__How to complete this task__
From the entries below, output the line with "Christie Digital Systems" and each following line up to and including the line with "Delicate Intentions (Preserved", exactly as written.

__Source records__
....

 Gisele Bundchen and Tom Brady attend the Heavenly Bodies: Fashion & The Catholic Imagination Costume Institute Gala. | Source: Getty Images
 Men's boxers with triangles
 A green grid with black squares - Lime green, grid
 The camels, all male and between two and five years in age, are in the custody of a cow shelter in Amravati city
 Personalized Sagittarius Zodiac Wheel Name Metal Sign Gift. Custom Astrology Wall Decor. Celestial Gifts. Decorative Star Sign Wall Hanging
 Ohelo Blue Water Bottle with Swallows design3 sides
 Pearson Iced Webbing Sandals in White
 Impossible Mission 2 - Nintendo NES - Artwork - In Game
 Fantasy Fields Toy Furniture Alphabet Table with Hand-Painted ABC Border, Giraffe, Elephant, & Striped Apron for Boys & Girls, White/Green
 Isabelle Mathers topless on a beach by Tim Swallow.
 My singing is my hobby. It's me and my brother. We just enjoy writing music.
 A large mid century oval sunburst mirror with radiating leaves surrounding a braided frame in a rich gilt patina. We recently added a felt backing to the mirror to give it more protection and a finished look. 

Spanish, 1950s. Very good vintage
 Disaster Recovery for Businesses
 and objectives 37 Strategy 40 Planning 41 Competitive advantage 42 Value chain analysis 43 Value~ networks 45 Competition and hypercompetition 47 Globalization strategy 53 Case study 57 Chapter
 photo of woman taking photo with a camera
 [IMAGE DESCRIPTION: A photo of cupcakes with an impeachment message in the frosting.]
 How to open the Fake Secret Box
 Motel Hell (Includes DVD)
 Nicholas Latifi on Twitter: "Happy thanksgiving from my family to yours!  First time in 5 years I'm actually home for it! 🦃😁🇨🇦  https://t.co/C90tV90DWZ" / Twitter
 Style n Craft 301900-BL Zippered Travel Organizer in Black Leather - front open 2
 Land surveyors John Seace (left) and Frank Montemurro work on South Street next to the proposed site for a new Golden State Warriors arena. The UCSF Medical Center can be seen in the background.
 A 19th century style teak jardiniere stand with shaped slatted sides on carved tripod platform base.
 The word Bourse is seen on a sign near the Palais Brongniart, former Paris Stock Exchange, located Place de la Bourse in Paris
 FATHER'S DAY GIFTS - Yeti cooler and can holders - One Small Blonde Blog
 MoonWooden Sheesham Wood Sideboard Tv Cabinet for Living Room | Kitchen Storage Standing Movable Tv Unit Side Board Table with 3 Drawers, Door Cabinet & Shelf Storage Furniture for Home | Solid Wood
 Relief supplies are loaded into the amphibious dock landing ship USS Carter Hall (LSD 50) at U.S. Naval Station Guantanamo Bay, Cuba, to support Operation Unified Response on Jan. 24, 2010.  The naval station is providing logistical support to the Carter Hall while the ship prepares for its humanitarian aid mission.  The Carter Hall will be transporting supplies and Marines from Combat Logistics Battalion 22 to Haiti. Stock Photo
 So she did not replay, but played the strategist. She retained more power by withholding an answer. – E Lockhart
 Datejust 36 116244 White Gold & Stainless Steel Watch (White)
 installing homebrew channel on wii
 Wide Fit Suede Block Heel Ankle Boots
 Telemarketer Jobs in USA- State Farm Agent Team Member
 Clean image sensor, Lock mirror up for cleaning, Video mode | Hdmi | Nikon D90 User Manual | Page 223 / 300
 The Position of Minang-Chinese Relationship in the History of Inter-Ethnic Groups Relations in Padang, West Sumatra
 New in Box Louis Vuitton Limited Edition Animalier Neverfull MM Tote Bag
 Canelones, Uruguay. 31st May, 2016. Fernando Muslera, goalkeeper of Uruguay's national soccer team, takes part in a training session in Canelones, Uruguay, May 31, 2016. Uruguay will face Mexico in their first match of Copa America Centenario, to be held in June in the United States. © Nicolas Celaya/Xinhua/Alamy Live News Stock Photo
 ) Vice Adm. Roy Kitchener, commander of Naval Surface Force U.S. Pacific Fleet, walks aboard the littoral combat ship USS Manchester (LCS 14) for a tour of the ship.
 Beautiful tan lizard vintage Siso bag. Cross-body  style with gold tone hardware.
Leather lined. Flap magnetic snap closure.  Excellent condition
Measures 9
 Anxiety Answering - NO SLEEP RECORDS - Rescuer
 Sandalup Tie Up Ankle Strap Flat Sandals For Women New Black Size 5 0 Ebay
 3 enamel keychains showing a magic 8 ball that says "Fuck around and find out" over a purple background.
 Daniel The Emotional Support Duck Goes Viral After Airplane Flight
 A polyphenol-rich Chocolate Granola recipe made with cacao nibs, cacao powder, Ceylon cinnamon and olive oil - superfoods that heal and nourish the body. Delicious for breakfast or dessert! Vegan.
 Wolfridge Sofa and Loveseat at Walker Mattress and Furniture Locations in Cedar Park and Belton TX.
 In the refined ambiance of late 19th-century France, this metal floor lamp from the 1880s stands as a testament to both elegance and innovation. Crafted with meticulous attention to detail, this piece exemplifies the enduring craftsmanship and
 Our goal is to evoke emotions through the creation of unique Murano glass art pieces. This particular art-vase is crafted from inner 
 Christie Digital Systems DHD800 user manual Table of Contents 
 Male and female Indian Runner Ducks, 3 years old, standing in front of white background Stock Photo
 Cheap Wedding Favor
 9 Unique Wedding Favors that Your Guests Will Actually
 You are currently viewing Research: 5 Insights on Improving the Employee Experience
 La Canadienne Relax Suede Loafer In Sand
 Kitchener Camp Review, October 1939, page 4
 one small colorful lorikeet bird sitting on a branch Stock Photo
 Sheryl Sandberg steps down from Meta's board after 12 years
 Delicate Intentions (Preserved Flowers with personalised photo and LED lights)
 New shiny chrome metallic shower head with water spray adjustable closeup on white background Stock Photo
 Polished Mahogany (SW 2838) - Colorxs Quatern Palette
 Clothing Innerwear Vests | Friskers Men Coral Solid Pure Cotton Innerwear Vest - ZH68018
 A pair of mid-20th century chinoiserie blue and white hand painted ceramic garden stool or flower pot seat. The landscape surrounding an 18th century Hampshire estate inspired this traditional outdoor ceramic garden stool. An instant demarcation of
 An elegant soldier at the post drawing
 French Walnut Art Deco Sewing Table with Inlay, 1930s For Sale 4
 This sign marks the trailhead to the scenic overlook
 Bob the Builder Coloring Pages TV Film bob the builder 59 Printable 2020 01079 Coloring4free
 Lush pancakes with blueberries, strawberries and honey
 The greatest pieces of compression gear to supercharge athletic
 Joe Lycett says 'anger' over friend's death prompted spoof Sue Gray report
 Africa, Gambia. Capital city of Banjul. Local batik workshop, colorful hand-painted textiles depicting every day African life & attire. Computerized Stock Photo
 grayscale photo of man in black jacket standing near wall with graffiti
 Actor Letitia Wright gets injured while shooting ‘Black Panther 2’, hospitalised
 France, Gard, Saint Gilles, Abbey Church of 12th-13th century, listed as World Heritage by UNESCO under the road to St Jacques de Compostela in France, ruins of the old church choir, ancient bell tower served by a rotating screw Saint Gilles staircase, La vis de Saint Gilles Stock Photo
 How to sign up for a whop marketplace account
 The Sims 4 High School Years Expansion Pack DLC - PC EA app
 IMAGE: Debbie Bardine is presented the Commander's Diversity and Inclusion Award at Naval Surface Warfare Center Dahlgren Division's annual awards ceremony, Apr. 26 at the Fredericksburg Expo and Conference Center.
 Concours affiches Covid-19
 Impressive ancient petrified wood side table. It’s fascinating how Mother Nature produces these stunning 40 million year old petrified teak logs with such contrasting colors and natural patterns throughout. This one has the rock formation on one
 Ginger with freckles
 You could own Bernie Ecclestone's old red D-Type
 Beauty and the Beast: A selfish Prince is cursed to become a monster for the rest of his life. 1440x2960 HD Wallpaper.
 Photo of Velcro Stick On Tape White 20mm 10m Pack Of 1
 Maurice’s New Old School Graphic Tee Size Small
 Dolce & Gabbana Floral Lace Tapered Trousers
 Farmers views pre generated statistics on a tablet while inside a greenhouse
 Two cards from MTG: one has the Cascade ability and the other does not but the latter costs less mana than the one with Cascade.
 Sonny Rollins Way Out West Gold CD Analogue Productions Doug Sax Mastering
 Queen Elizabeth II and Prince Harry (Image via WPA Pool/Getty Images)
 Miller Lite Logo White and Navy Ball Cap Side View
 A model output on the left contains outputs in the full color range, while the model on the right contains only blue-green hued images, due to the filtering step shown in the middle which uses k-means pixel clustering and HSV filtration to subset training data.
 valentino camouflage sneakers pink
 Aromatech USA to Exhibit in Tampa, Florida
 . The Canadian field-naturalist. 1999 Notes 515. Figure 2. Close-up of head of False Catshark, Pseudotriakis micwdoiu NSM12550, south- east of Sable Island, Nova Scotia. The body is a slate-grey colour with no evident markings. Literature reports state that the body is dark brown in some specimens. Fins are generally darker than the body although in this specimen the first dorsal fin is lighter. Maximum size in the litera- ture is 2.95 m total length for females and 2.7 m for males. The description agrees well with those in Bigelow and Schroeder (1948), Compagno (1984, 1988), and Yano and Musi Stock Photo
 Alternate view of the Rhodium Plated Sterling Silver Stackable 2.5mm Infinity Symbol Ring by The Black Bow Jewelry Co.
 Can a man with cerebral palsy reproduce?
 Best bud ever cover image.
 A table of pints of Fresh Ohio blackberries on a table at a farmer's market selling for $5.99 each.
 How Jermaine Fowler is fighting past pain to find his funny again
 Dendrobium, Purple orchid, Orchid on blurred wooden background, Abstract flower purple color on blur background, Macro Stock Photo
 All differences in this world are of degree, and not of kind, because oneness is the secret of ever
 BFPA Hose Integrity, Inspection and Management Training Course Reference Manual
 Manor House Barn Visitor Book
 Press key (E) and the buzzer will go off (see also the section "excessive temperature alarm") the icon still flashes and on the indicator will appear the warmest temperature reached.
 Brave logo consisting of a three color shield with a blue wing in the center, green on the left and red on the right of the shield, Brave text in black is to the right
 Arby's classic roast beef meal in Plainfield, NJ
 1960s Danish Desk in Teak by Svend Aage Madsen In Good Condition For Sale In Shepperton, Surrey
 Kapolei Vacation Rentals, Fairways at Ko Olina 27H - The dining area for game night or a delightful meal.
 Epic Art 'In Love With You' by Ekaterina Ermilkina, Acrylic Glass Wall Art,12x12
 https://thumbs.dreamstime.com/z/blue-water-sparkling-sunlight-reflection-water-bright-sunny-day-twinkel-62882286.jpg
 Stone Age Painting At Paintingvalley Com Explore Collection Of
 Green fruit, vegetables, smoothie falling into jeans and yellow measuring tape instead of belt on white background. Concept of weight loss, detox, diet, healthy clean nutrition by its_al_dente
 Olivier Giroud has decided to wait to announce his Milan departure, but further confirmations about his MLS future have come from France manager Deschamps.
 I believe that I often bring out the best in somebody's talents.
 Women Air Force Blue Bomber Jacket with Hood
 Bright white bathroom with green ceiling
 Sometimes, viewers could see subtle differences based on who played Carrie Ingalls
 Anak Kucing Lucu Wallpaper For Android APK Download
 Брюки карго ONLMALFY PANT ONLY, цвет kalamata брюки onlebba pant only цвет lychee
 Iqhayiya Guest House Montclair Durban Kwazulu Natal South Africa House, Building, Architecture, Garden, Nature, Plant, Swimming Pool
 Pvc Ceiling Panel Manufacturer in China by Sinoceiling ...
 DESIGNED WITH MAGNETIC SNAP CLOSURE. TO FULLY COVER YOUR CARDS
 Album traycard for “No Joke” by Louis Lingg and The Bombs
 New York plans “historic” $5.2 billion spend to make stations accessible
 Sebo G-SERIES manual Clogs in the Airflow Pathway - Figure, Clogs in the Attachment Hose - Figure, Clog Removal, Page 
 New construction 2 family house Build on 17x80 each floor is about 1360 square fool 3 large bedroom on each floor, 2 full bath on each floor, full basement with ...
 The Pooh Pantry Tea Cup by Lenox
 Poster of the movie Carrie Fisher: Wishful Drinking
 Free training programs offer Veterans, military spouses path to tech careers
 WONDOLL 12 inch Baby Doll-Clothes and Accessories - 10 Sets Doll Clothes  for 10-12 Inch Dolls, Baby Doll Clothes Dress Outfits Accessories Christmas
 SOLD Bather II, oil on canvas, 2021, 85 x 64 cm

....

__Exercise result__
 Christie Digital Systems DHD800 user manual Table of Contents 
 Male and female Indian Runner Ducks, 3 years old, standing in front of white background Stock Photo
 Cheap Wedding Favor
 9 Unique Wedding Favors that Your Guests Will Actually
 You are currently viewing Research: 5 Insights on Improving the Employee Experience
 La Canadienne Relax Suede Loafer In Sand
 Kitchener Camp Review, October 1939, page 4
 one small colorful lorikeet bird sitting on a branch Stock Photo
 Sheryl Sandberg steps down from Meta's board after 12 years
 Delicate Intentions (Preserved Flowers with personalised photo and LED lights)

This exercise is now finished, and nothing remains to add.